##### COLLECTED DATA #####

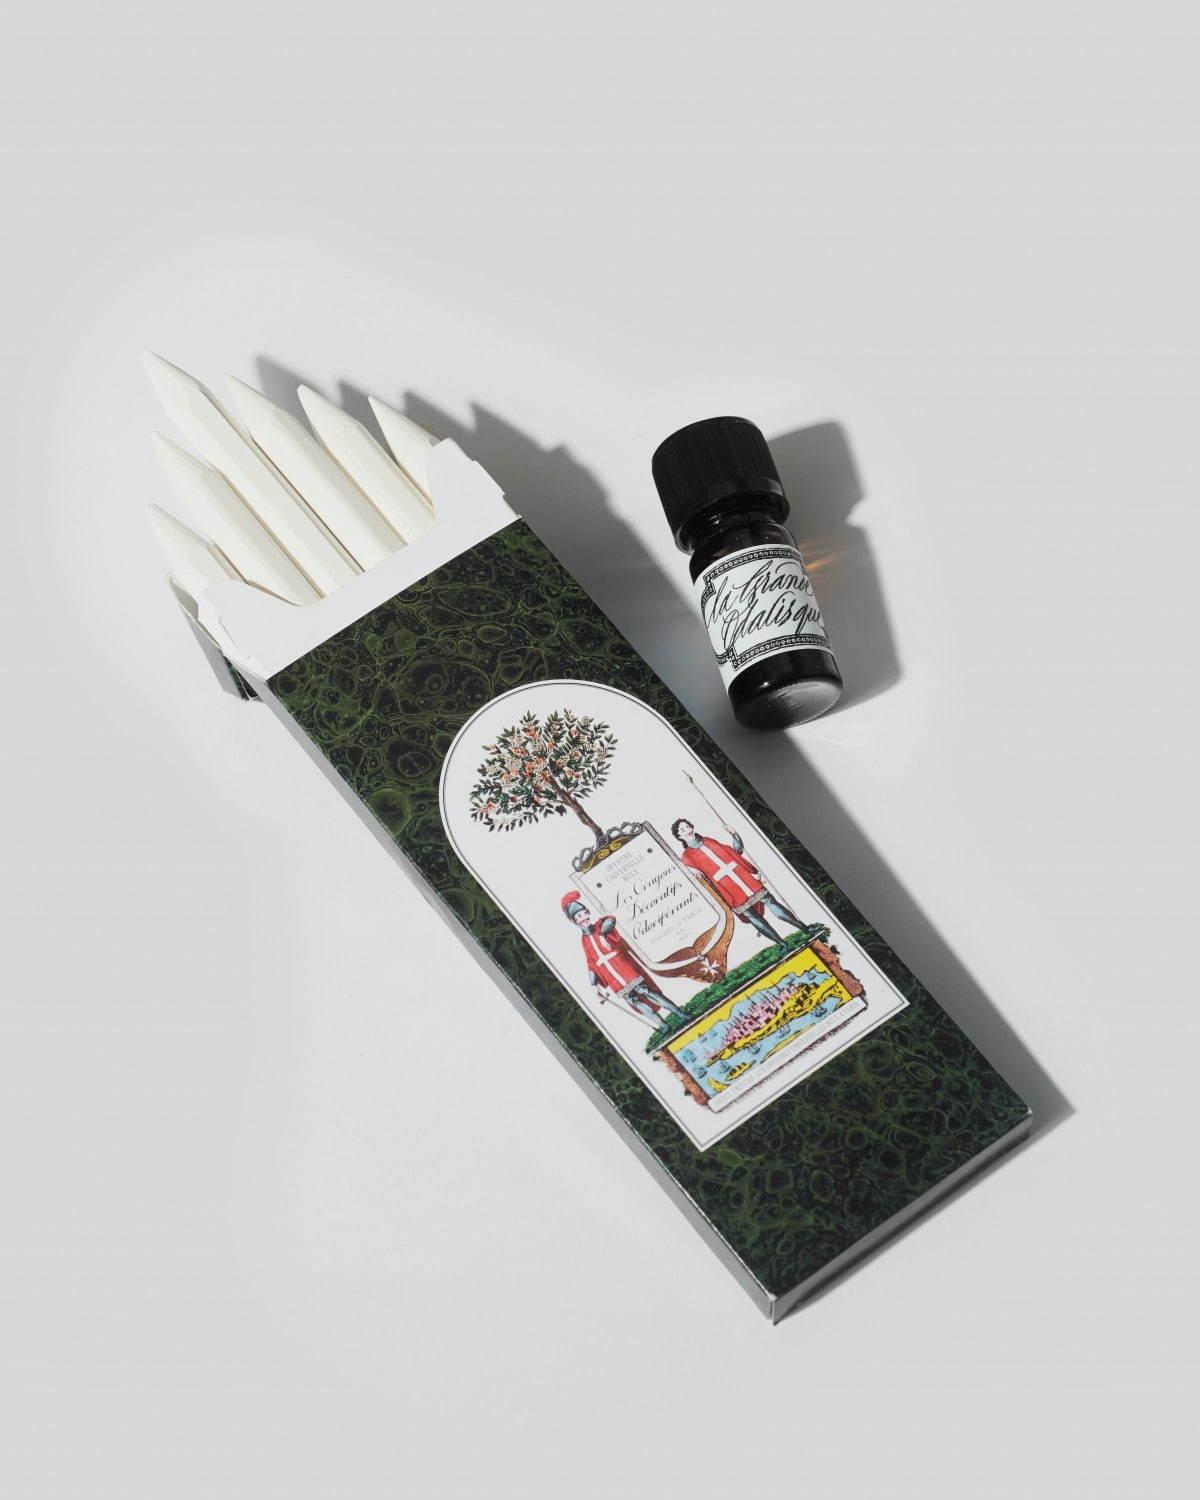 オフィシーヌ・ユニヴェルセル・ビュリー“鉛筆型”ディフューザー、好みの香りを染み込ませて コピー
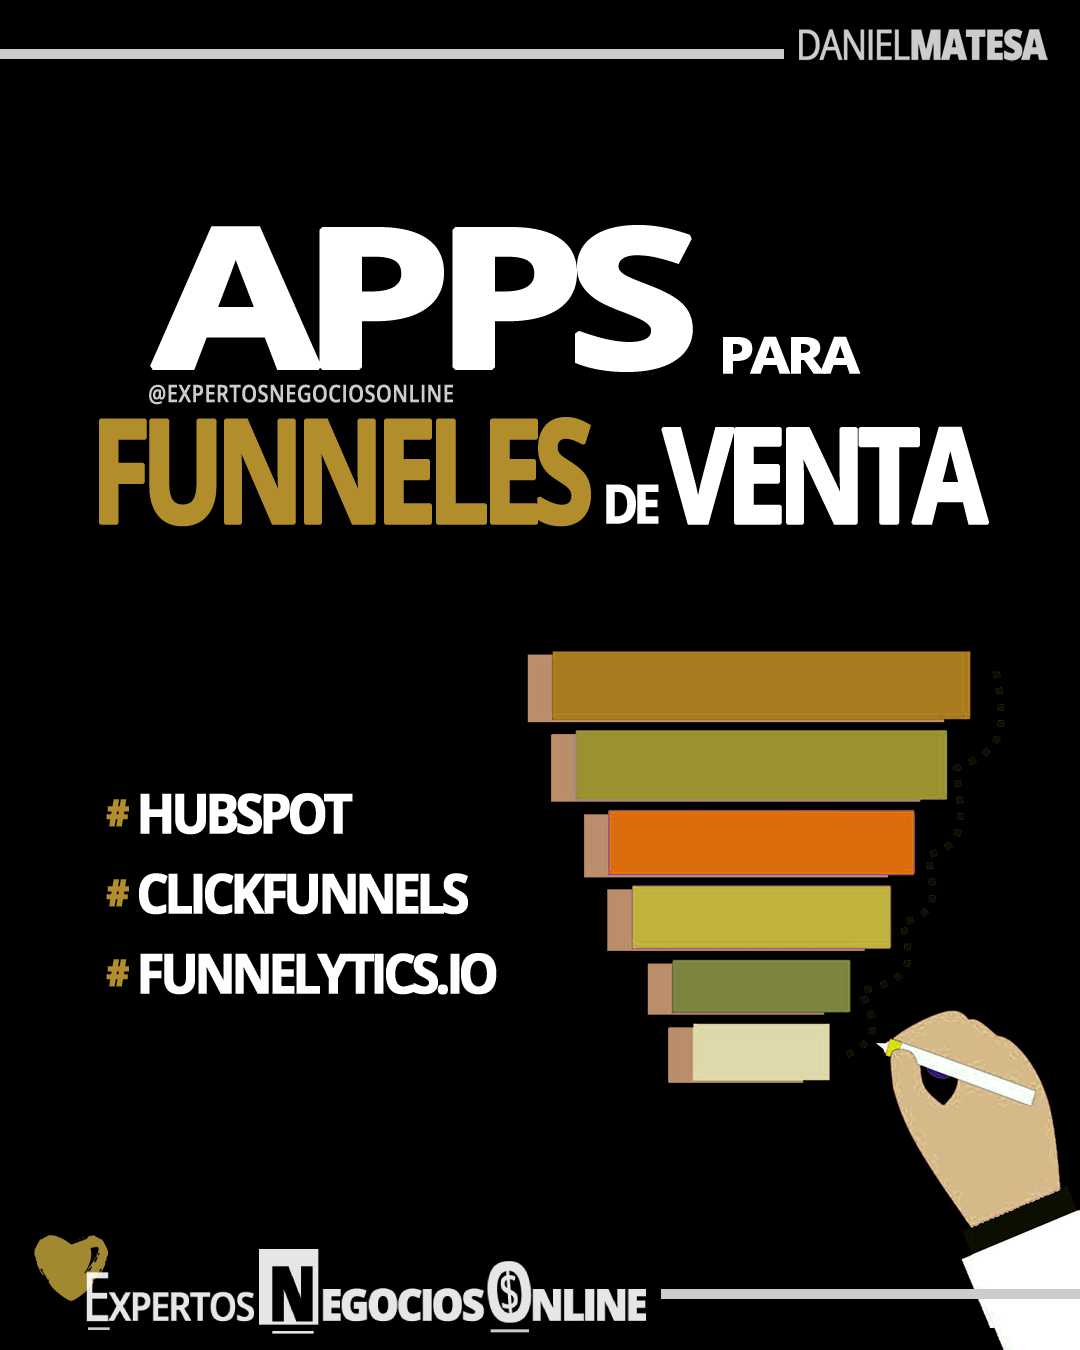 funnel apps - como hacer un funnel de ventas
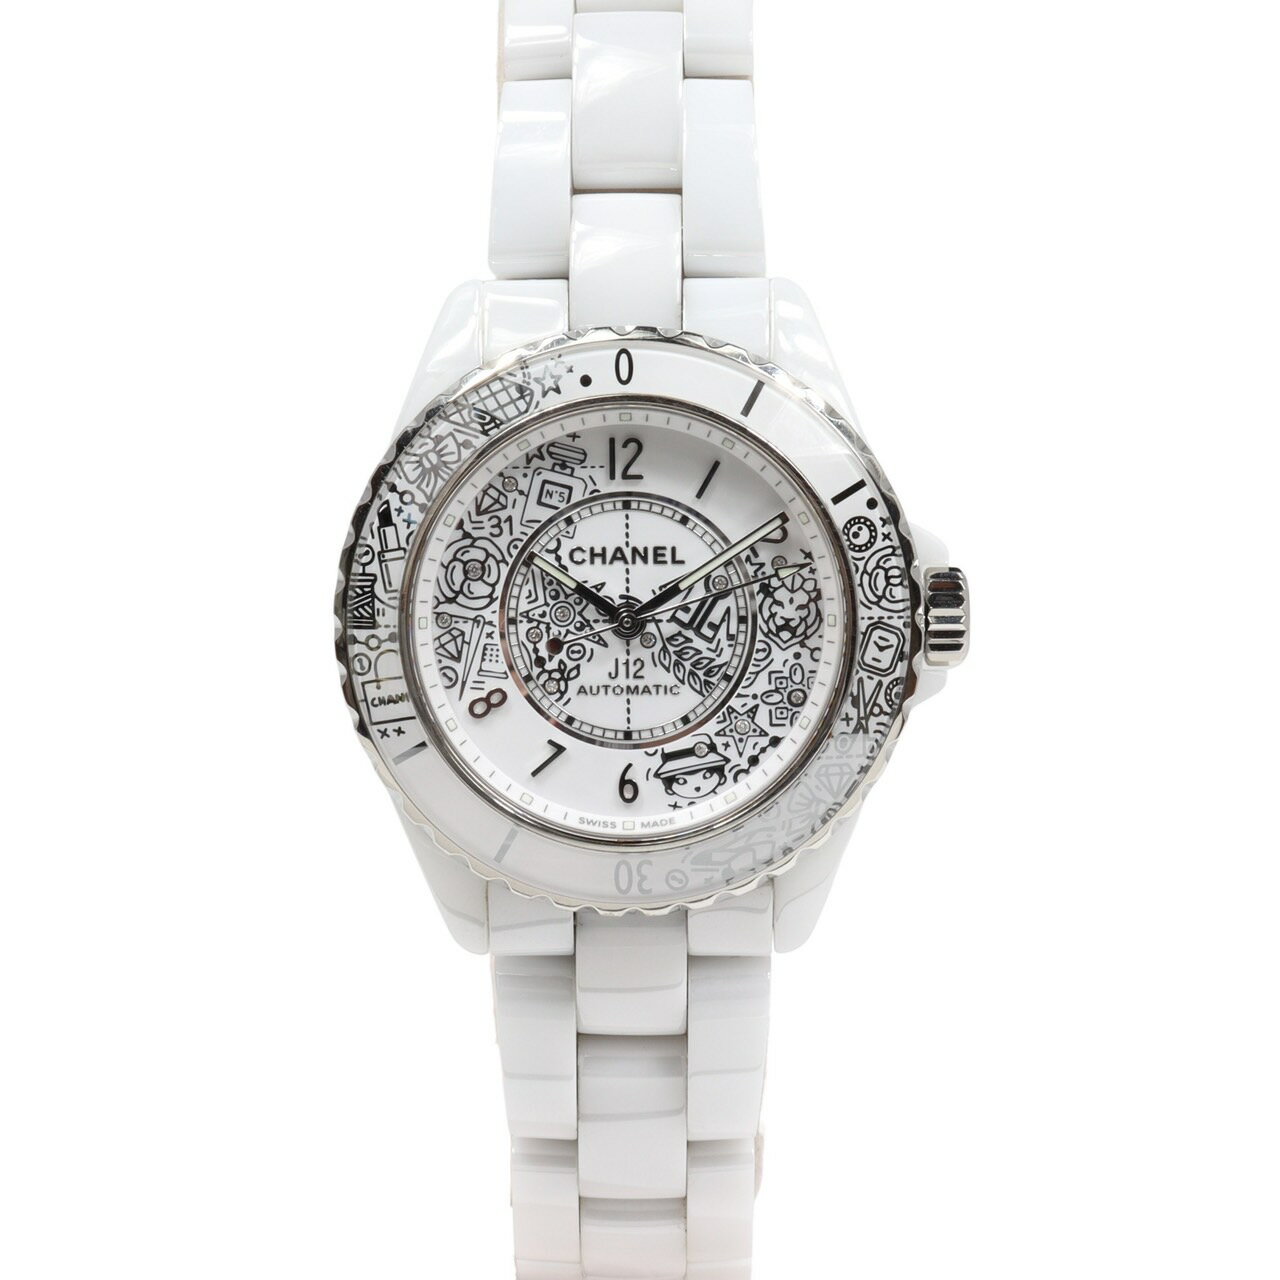 CHANEL シャネル J12 H6476 12P ダイヤモンド ホワイト セラミック SS 白 白文字盤 自動巻き 腕時計 2020本世界限定 1年間保証 時計 おしゃれ ブランド ブランド時計 誕生日 プレゼント 送料無料

#####

** DIRECTIONS FOR THIS TASK **
The expected output is an exact copy of the lines from the one holding "funnel apps - como hacer un funnel de ventas" through the last line of the listing above, with the pictures omitted.

** REPLY TO THE EXERCISE **
 funnel apps - como hacer un funnel de ventas
 CHANEL シャネル J12 H6476 12P ダイヤモンド ホワイト セラミック SS 白 白文字盤 自動巻き 腕時計 2020本世界限定 1年間保証 時計 おしゃれ ブランド ブランド時計 誕生日 プレゼント 送料無料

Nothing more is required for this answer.